Slovenian potica () is a nut roll and a traditional festive pastry from Slovenia.

The name of potica is distinctly Slovenian and developed etymologically from earlier Slovenian forms such as povitica, povtica, potvitsa. This is also connected with the development of potica production methods from the Middle Ages (before the 15th century) to the beginning of the 20th century, when development stabilized and the unique naming of potica was established from the 18th century. The term Slovenian potica has been used since the second half of the 19th century.

Varieties
Slovenian potica consists of a rolled pastry made of leavened paper-thin dough filled with any of a great variety of fillings, but most often with walnut filling.

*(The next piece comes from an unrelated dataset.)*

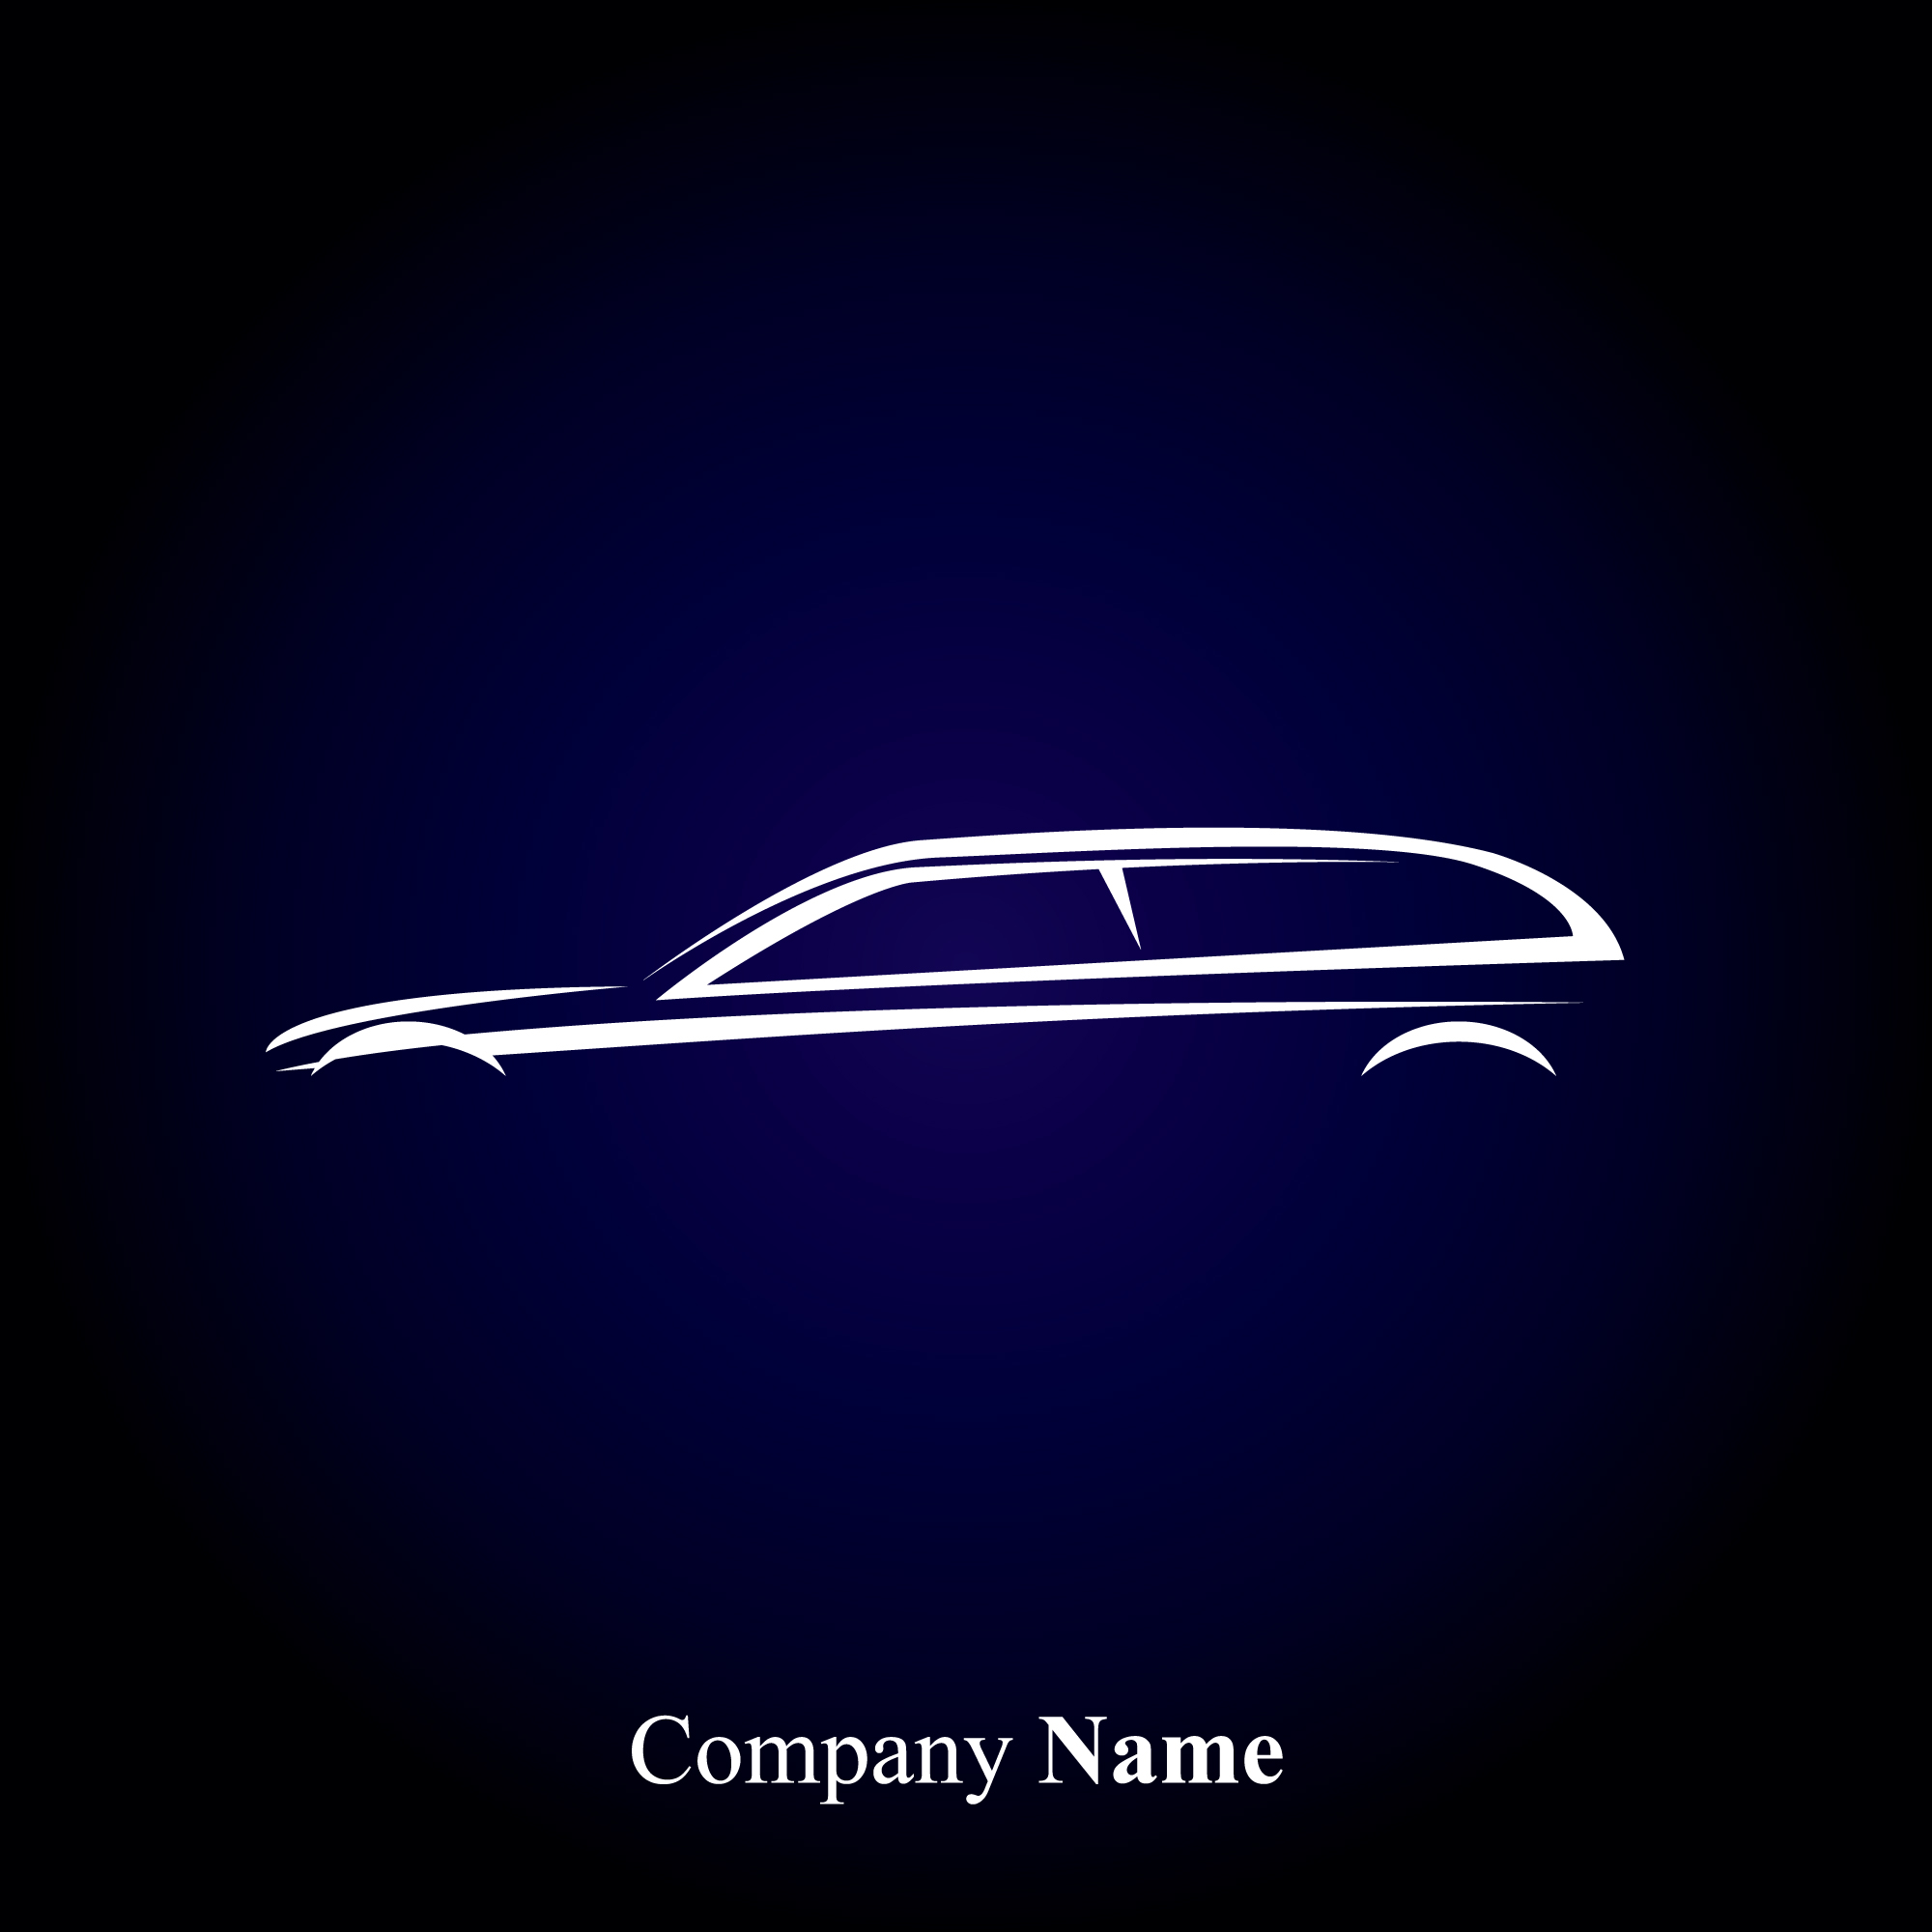 Creative Car logos design vector 05

The most characteristic Slovenian poticas are made with ground walnut, tarragon, quark, hazelnut, pumpkin seed or poppy seed, salted ones even with cracklings or bacon, and other fillings. Slovenian potica is a festive pastry and could be baked in two ways: in the oven or directly on the hearth, but original Slovenska potica is a ring-shaped pastry, baked always in the special shaped potica baking mould (ceramic, glass or tin one), called potičnik, which has a conical protrusion in the middle. 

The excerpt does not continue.